Note: The supplementary or replacement disclosure statement must comply with s146B of the Act and must be lodged with the Registrar.

Restrictions on Advertising and Publicity

A trading co-operative, or any other person, is precluded from advertising, or publishing a statement that directly or indirectly refers to an offer of the co-operative's shares to prospective members without having a current disclosure statement under s146A. The same applies to the advertisement of an offer or intended offer for shares in the co-operative, and to the publication of a statement, which is reasonably likely to induce people to apply for shares in a co-operative (albeit as part of an application for membership) are also precluded.

Note: A trading co-operative in breach of these requirements will be liable to a penalty of $2,750 or imprisonment for 6 months or both.

A trading co-operative will not breach the advertising or publicity provisions if, before a disclosure statement is lodged with the Registrar, an advertisement or publication is made containing nothing more than:

  • a statement that identifies the offeror and the shares;
  • a statement that a disclosure document for the offer will be made available when the shares are offered; or
  • a statement that anyone who wants to acquire shares will need to complete the application form that will be in, or will accompany, a current disclosure statement; or
  • a statement of how to arrange to receive a copy of the current disclosure statement.

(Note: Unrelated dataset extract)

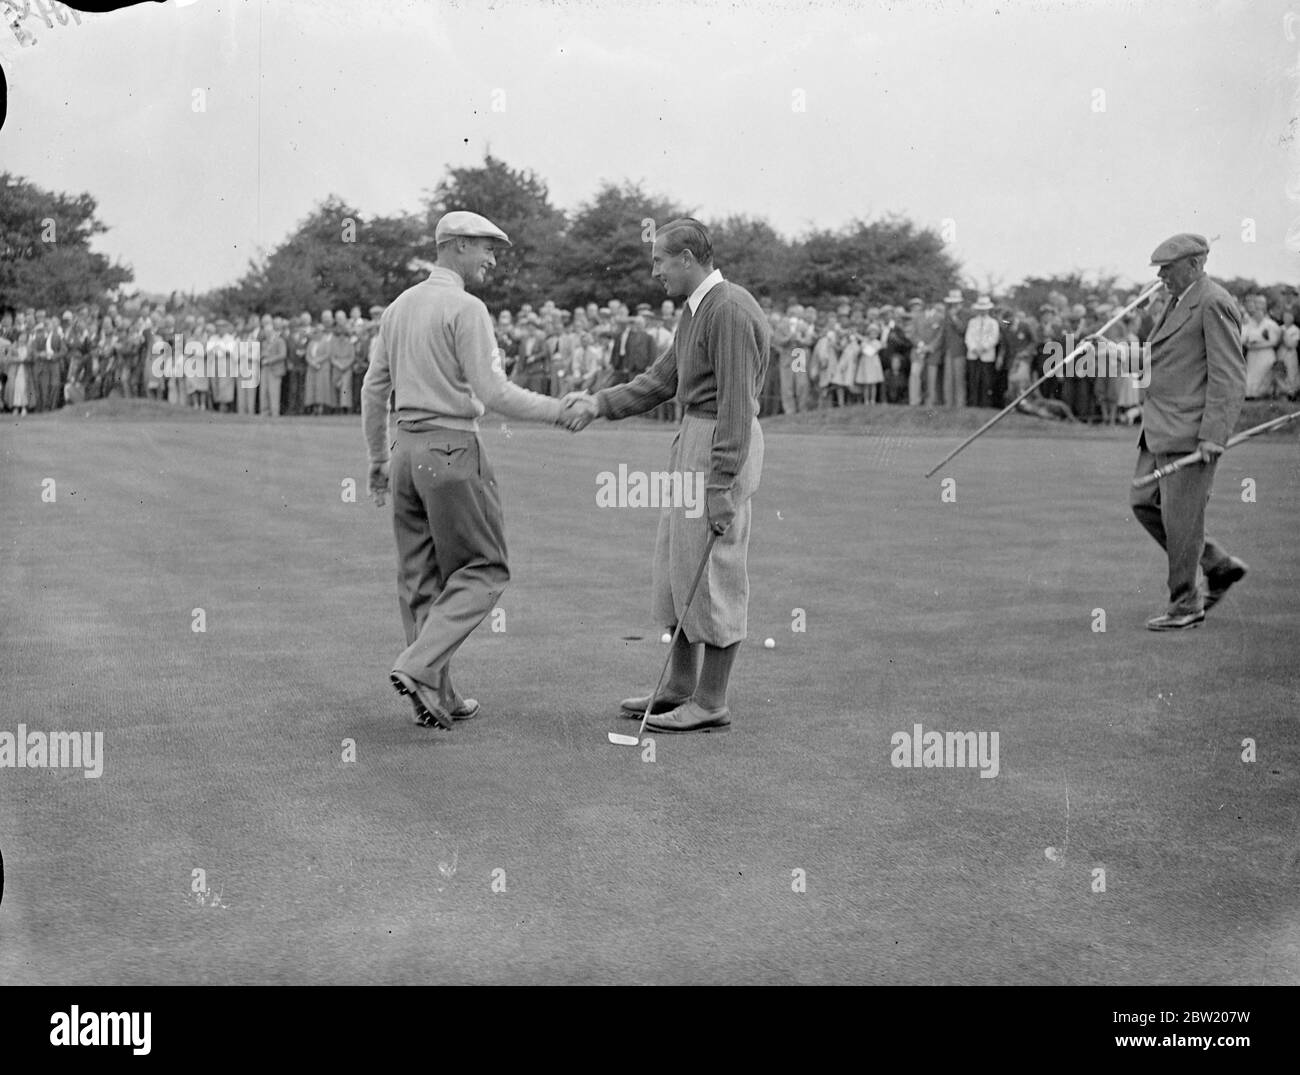 Henry Cotton, the new British Open champion, defeated Densmore Shute, the American Ryder Cup player, 6 and 5 in the 72 holes, Â£500 golf match at Walton Heath. Henry Cotton (right) congratulated by Densmore Shute at the 30th where Cotton won the match. 13 July 1937 Stock Photo

General Exemption to the Advertising and Publication Provisions

An advertisement or publication does not contravene the Act if it:

  1. consists solely of a notice or report of a general meeting of the co-operative; or
  2. consists solely of a report about the co-operative that is published by the co-operative and:
    1. does not contain information that materially affects affairs of the co-operative other than information previously made available in a disclosure statement that has been lodged, an annual report or a report referred to in paragraph (a) or (b); and
    2. does not refer (whether directly or indirectly) to the offer; or

Similarly, an external advertisement or publication does not contravene the Act if it:

  1. is a news report or is genuine comment, in a newspaper or periodical or on radio or television relating to:
    1. a disclosure statement that has been lodged or information contained in such a disclosure statement; or
    2. a notice or report published by the co-operative; or
  2. is a report about the shares of the co-operative or proposed co-operative published by someone who is not:
    1. the co-operative; or
    2. acting at the instigation of, or by arrangement with, the co-operative; or
    3. a director of the co-operative; or
    4. a person who has an interest in the success of the issue or sale of the shares.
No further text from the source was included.